• Action item
Please output exactly the lines from the one containing "Adidas Y-3 Shirt. 6" through the last line of the records, both included.

════════════════

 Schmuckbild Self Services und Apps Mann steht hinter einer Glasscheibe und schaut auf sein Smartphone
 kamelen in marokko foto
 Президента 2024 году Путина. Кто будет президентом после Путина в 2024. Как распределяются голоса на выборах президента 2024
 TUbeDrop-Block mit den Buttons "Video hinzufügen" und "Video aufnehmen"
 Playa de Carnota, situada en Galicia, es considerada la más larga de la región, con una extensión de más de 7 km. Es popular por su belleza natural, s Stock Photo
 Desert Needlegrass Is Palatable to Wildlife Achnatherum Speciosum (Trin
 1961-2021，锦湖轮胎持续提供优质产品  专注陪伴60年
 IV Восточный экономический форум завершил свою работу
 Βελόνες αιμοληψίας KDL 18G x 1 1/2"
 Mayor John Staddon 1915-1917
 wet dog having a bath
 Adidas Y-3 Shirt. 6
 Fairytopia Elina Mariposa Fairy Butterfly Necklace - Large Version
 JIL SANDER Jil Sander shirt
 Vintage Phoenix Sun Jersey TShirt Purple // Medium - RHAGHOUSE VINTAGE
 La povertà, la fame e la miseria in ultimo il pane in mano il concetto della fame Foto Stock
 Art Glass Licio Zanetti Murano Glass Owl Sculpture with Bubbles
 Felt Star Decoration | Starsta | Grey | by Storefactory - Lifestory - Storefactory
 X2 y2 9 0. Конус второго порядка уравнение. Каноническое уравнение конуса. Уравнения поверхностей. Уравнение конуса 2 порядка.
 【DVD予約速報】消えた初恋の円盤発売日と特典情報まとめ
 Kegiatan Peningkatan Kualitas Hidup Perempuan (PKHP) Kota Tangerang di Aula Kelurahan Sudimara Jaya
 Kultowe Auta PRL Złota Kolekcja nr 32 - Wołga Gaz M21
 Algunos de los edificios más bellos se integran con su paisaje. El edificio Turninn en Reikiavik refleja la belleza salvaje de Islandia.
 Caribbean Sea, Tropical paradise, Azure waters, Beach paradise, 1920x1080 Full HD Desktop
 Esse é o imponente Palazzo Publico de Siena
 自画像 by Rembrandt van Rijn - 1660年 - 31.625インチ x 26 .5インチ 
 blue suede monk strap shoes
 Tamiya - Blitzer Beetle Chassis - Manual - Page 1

════════════════

• Exercise solution
 Adidas Y-3 Shirt. 6
 Fairytopia Elina Mariposa Fairy Butterfly Necklace - Large Version
 JIL SANDER Jil Sander shirt
 Vintage Phoenix Sun Jersey TShirt Purple // Medium - RHAGHOUSE VINTAGE
 La povertà, la fame e la miseria in ultimo il pane in mano il concetto della fame Foto Stock
 Art Glass Licio Zanetti Murano Glass Owl Sculpture with Bubbles
 Felt Star Decoration | Starsta | Grey | by Storefactory - Lifestory - Storefactory
 X2 y2 9 0. Конус второго порядка уравнение. Каноническое уравнение конуса. Уравнения поверхностей. Уравнение конуса 2 порядка.
 【DVD予約速報】消えた初恋の円盤発売日と特典情報まとめ
 Kegiatan Peningkatan Kualitas Hidup Perempuan (PKHP) Kota Tangerang di Aula Kelurahan Sudimara Jaya
 Kultowe Auta PRL Złota Kolekcja nr 32 - Wołga Gaz M21
 Algunos de los edificios más bellos se integran con su paisaje. El edificio Turninn en Reikiavik refleja la belleza salvaje de Islandia.
 Caribbean Sea, Tropical paradise, Azure waters, Beach paradise, 1920x1080 Full HD Desktop
 Esse é o imponente Palazzo Publico de Siena
 自画像 by Rembrandt van Rijn - 1660年 - 31.625インチ x 26 .5インチ 
 blue suede monk strap shoes
 Tamiya - Blitzer Beetle Chassis - Manual - Page 1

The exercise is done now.